Detalhes bibliográficos
Autor(a) principal: Borrego, P
Data de Publicação: 2008
Outros Autores: Marcelino, JM, Rocha, C, Doroana, M, Antunes, F, Maltez, F, Gomes, P, Novo, C, Barroso, H, Taveira, N
Tipo de documento: Artigo
Idioma: eng
Título da fonte: Repositório Científico de Acesso Aberto de Portugal (Repositórios Cientìficos)

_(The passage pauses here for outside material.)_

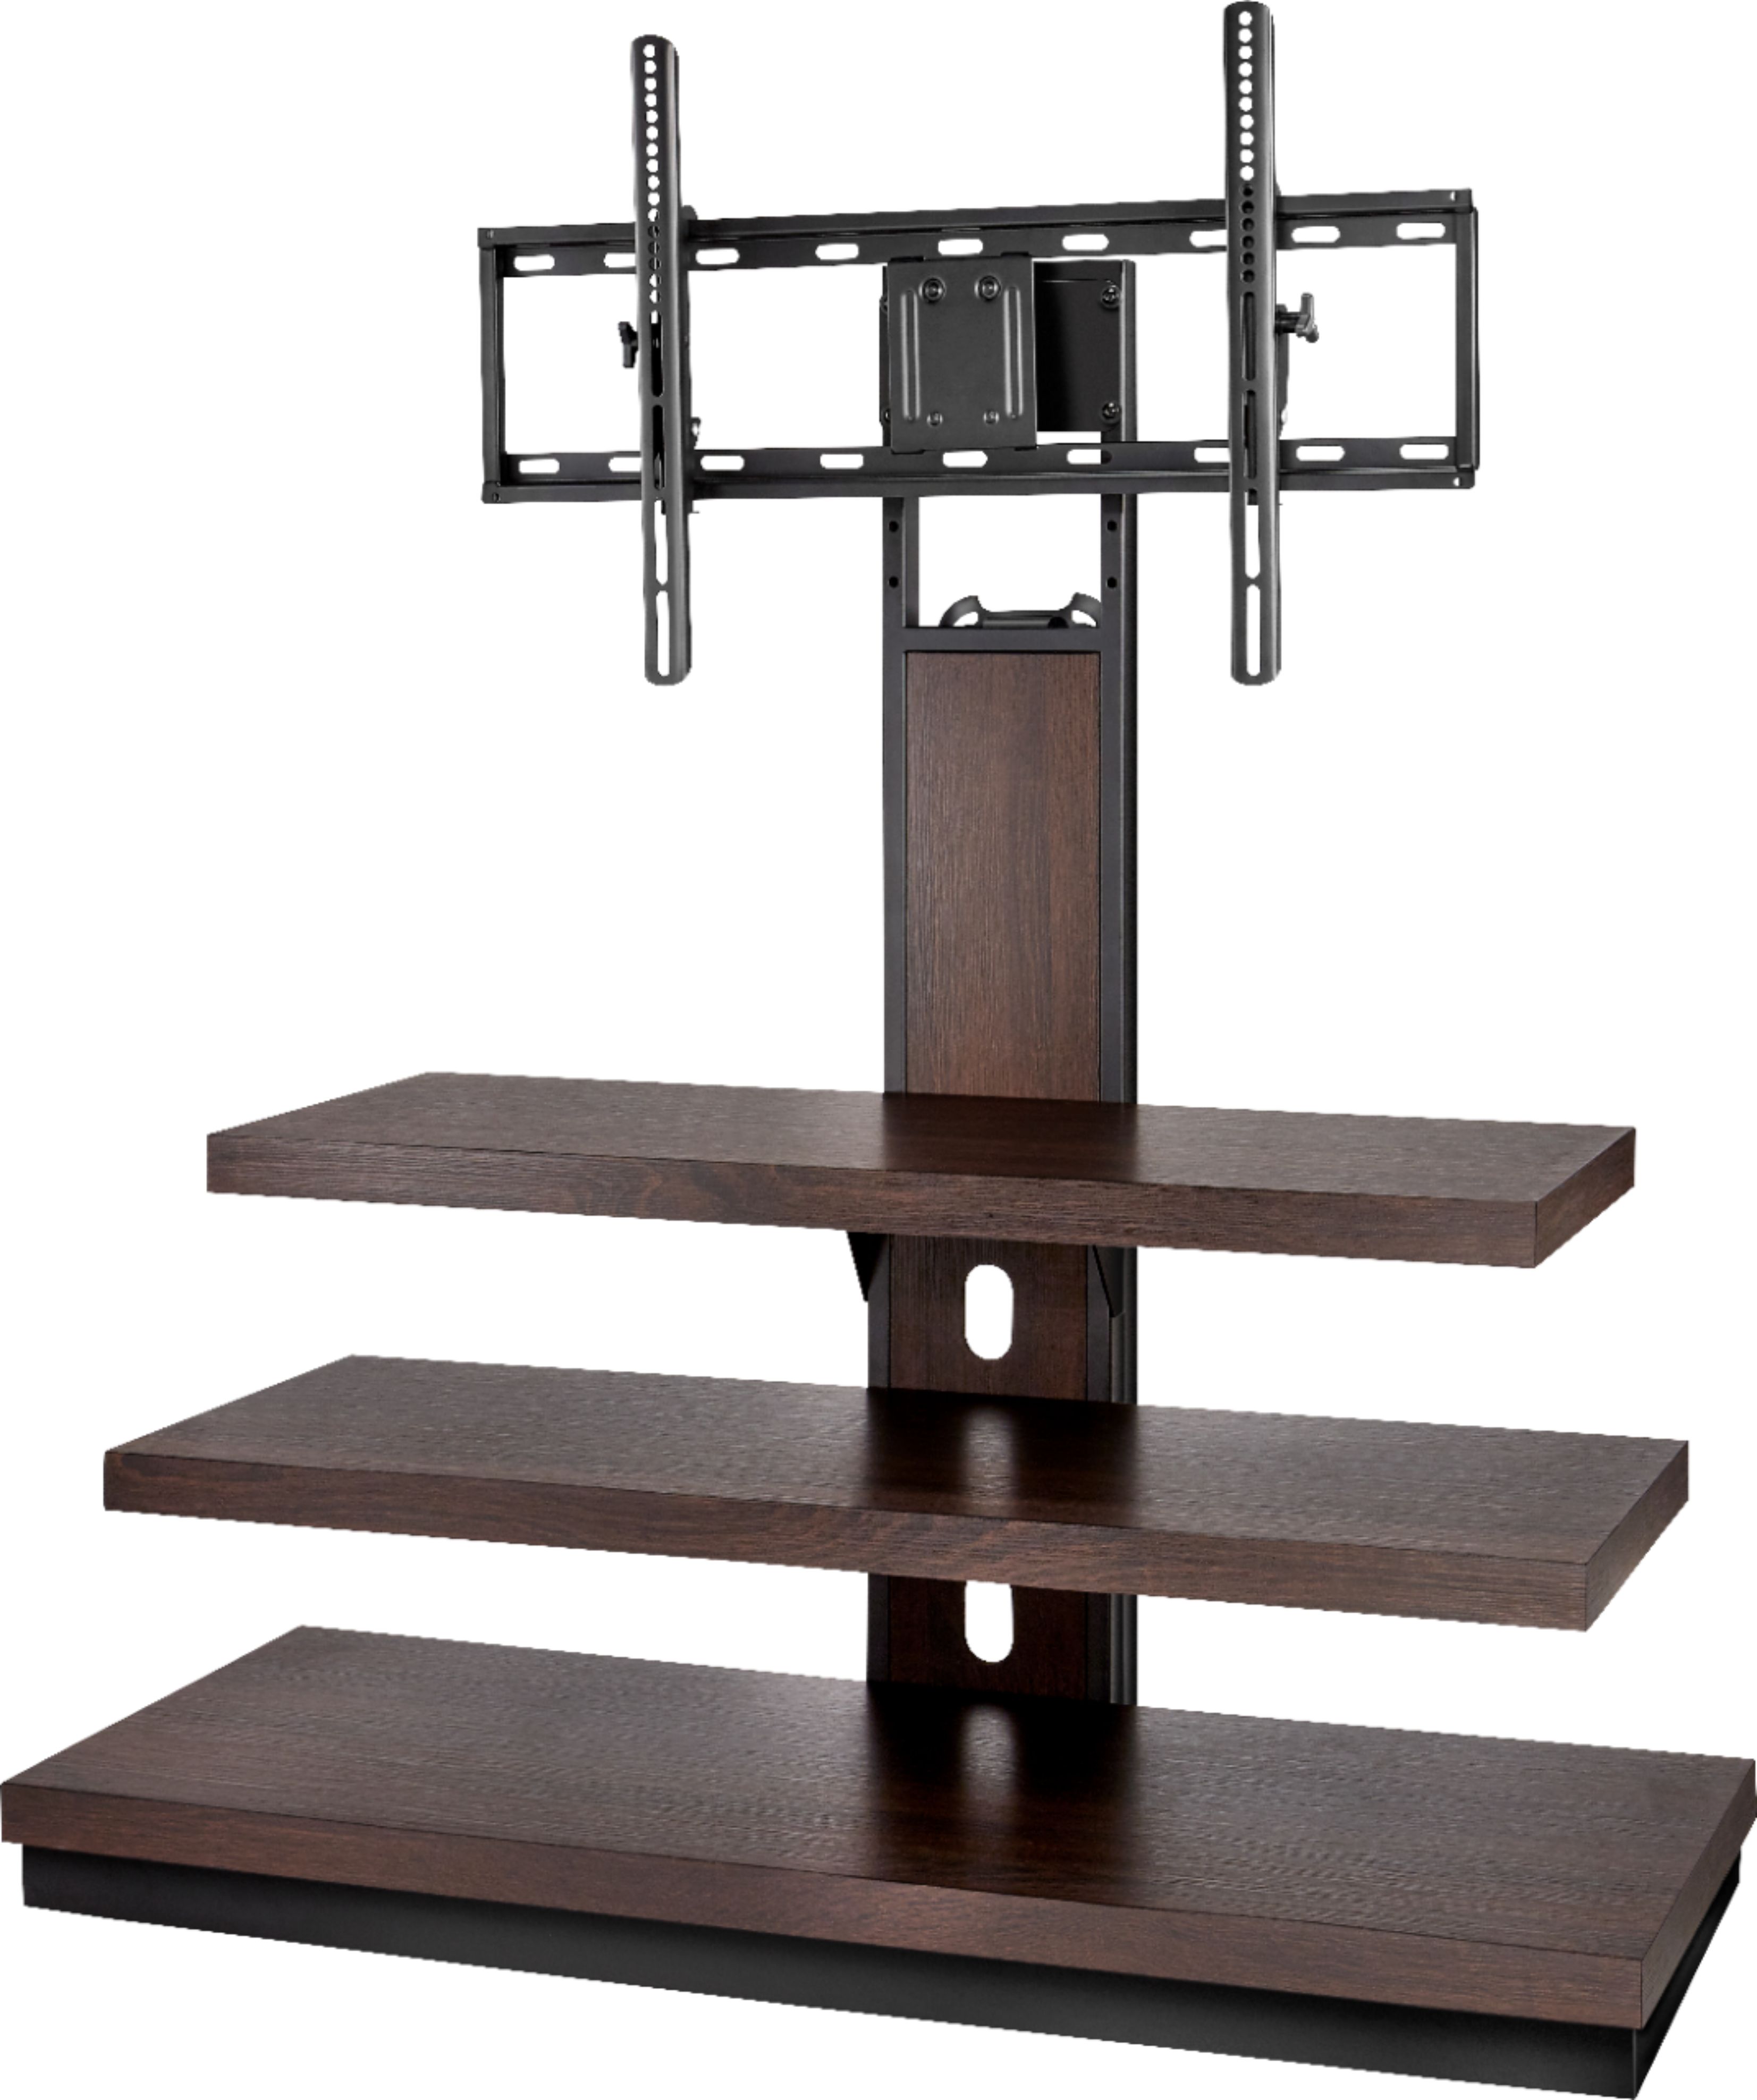 Left View: Walker Edison - Farmhouse Simple Grooved Door TV Stand for most TVs up to 80" - Stone Grey

Texto Completo: http://hdl.handle.net/10400.17/1639
Resumo: BACKGROUND: This study was designed to investigate, for the first time, the short-term molecular evolution of the HIV-2 C2, V3 and C3 envelope regions and its association with the immune response. Clonal sequences of the env C2V3C3 region were obtained from a cohort of eighteen HIV-2 chronically infected patients followed prospectively during 2-4 years. Genetic diversity, divergence, positive selection and glycosylation in the C2V3C3 region were analysed as a function of the number of CD4+ T cells and the anti-C2V3C3 IgG and IgA antibody reactivity RESULTS: The mean intra-host nucleotide diversity was 2.1% (SD, 1.1%), increasing along the course of infection in most patients. Diversity at the amino acid level was significantly lower for the V3 region and higher for the C2 region. The average divergence rate was 0.014 substitutions/site/year, which is similar to that reported in chronic HIV-1 infection. The number and position of positively selected sites was highly variable, except for codons 267 and 270 in C2 that were under strong and persistent positive selection in most patients. N-glycosylation sites located in C2 and V3 were conserved in all patients along the course of infection. Intra-host variation of C2V3C3-specific IgG response over time was inversely associated with the variation in nucleotide and amino acid diversity of the C2V3C3 region. Variation of the C2V3C3-specific IgA response was inversely associated with variation in the number of N-glycosylation sites. CONCLUSION: The evolutionary dynamics of HIV-2 envelope during chronic aviremic infection is similar to HIV-1 implying that the virus should be actively replicating in cellular compartments. Convergent evolution of N-glycosylation in C2 and V3, and the limited diversification of V3, indicates that there are important functional constraints to the potential diversity of the HIV-2 envelope. C2V3C3-specific IgG antibodies are effective at reducing viral population size limiting the number of virus escape mutants. The C3 region seems to be a target for IgA antibodies and increasing N-linked glycosylation may prevent HIV-2 envelope recognition by these antibodies. Our results provide new insights into the biology of HIV-2 and its relation with the human host and may have important implications for vaccine design.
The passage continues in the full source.